先頃亡くなったWhitney Houstonの1987年の作品「Whitney(邦題:ホイットニーII〜すてきな Somebody)」がそれ。2012年3月時点ではすでに商品が扱われていなかったのだ。結果的に画像はAmazonのお世話になった。
whitney


CDをリップした時にiTunesに登録されたGracenote(CDDB)のものとiTunes Storeが持つデータベースがのタイトルが微妙に違っていたため、超有名な2作品にまったく同じ画像が貼られたるというトラブルにも見舞われた。「Led Zeppelin |」に「Led Zeppelin Ⅳ」の画像が貼り込まれてしまい、有名なツェッペリン飛行船炎上のアートワークが消し飛んでしまったのだ。(ちなみに「Led Zeppelin Ⅳ」の画像は正しく貼られていた。)

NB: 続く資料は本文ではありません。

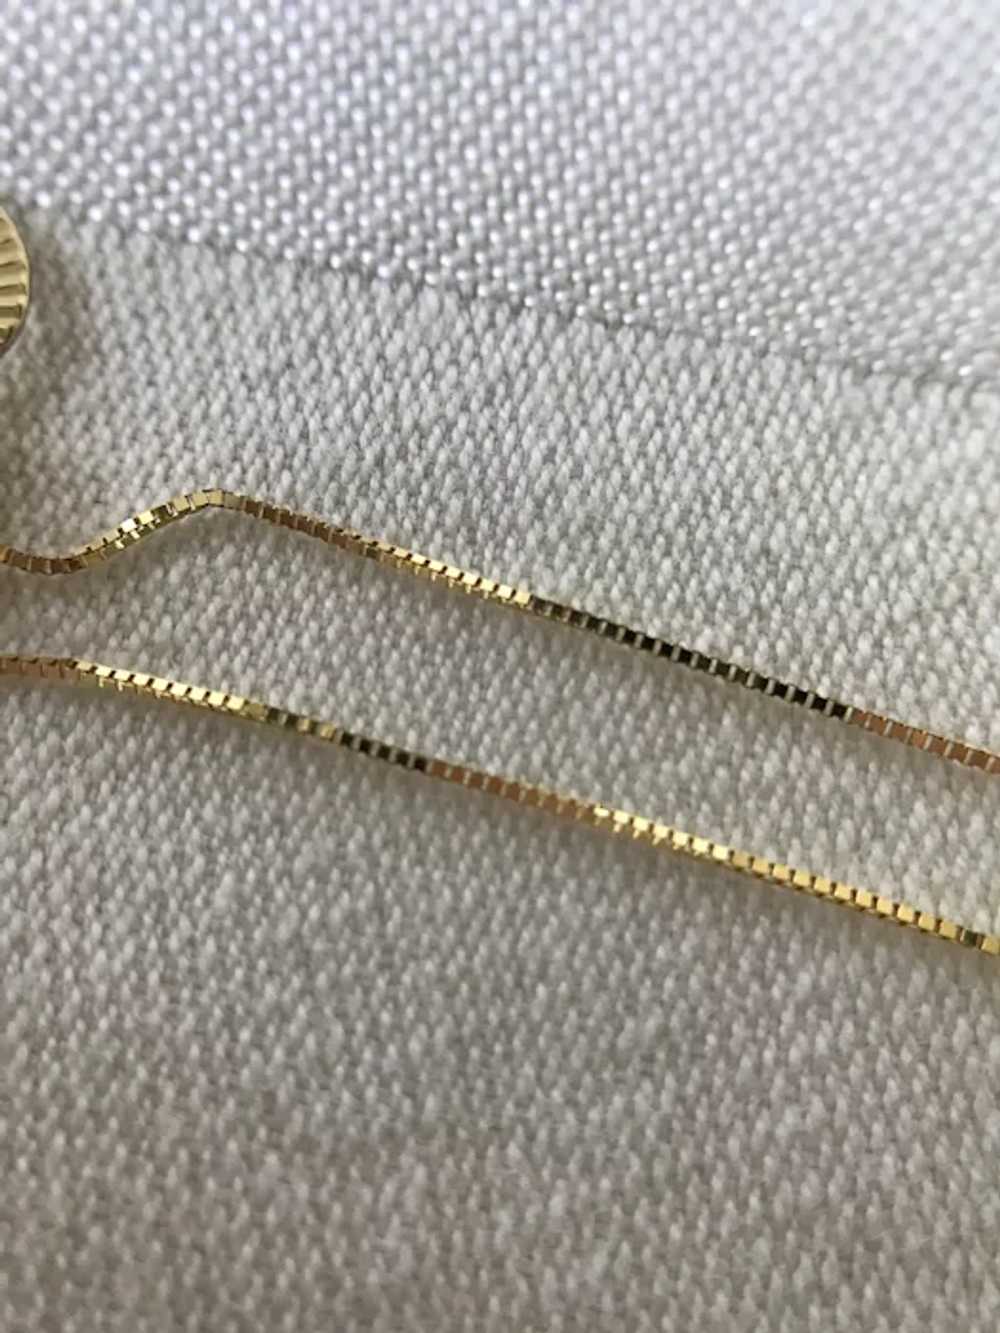 Etched 14K Gold Heart Pendant Necklace - image 3

iTunes Storeのデータでは「|」ではなく単純に「Led Zeppelin」となっている。ギリシャ数字の「|」と「Ⅳ」」が誤って処理されたためこのトラブルになったと思われる。どちらの表記が正解かは発売元のワーナーにもよるが、ウィキペディアでは「Led Zeppelin |」の表記をとっている。
zep_cover_art


iTunesではアートワークの画像の取り扱いが二通りある。iTunes Storeから入手・登録した場合と特別なソフトでAmazonなどから入手して登録したり、手動で登録した場合では異なるのだ。
iTunes Storeから入手・登録したアートワークは、Macの場合は[Music]のフォルダの[iTunes]-[Album Artwork]-[Download]のフォルダ(Windowsの場合は[My Music]のフォルダ)に保存される。
今回のようにフリーウェアのAlbum Artwork Assistantを使ってアートワークを登録したり、自前で用意した画像をドラック&ドロップで登録した場合は、画像は曲ファイルに埋め込まれる。画像容量の分だけ曲データの容量が大きくなので、JPEGなどの圧縮で容量が少ない(大体50kb〜200kb程度)フォーマットがお勧め。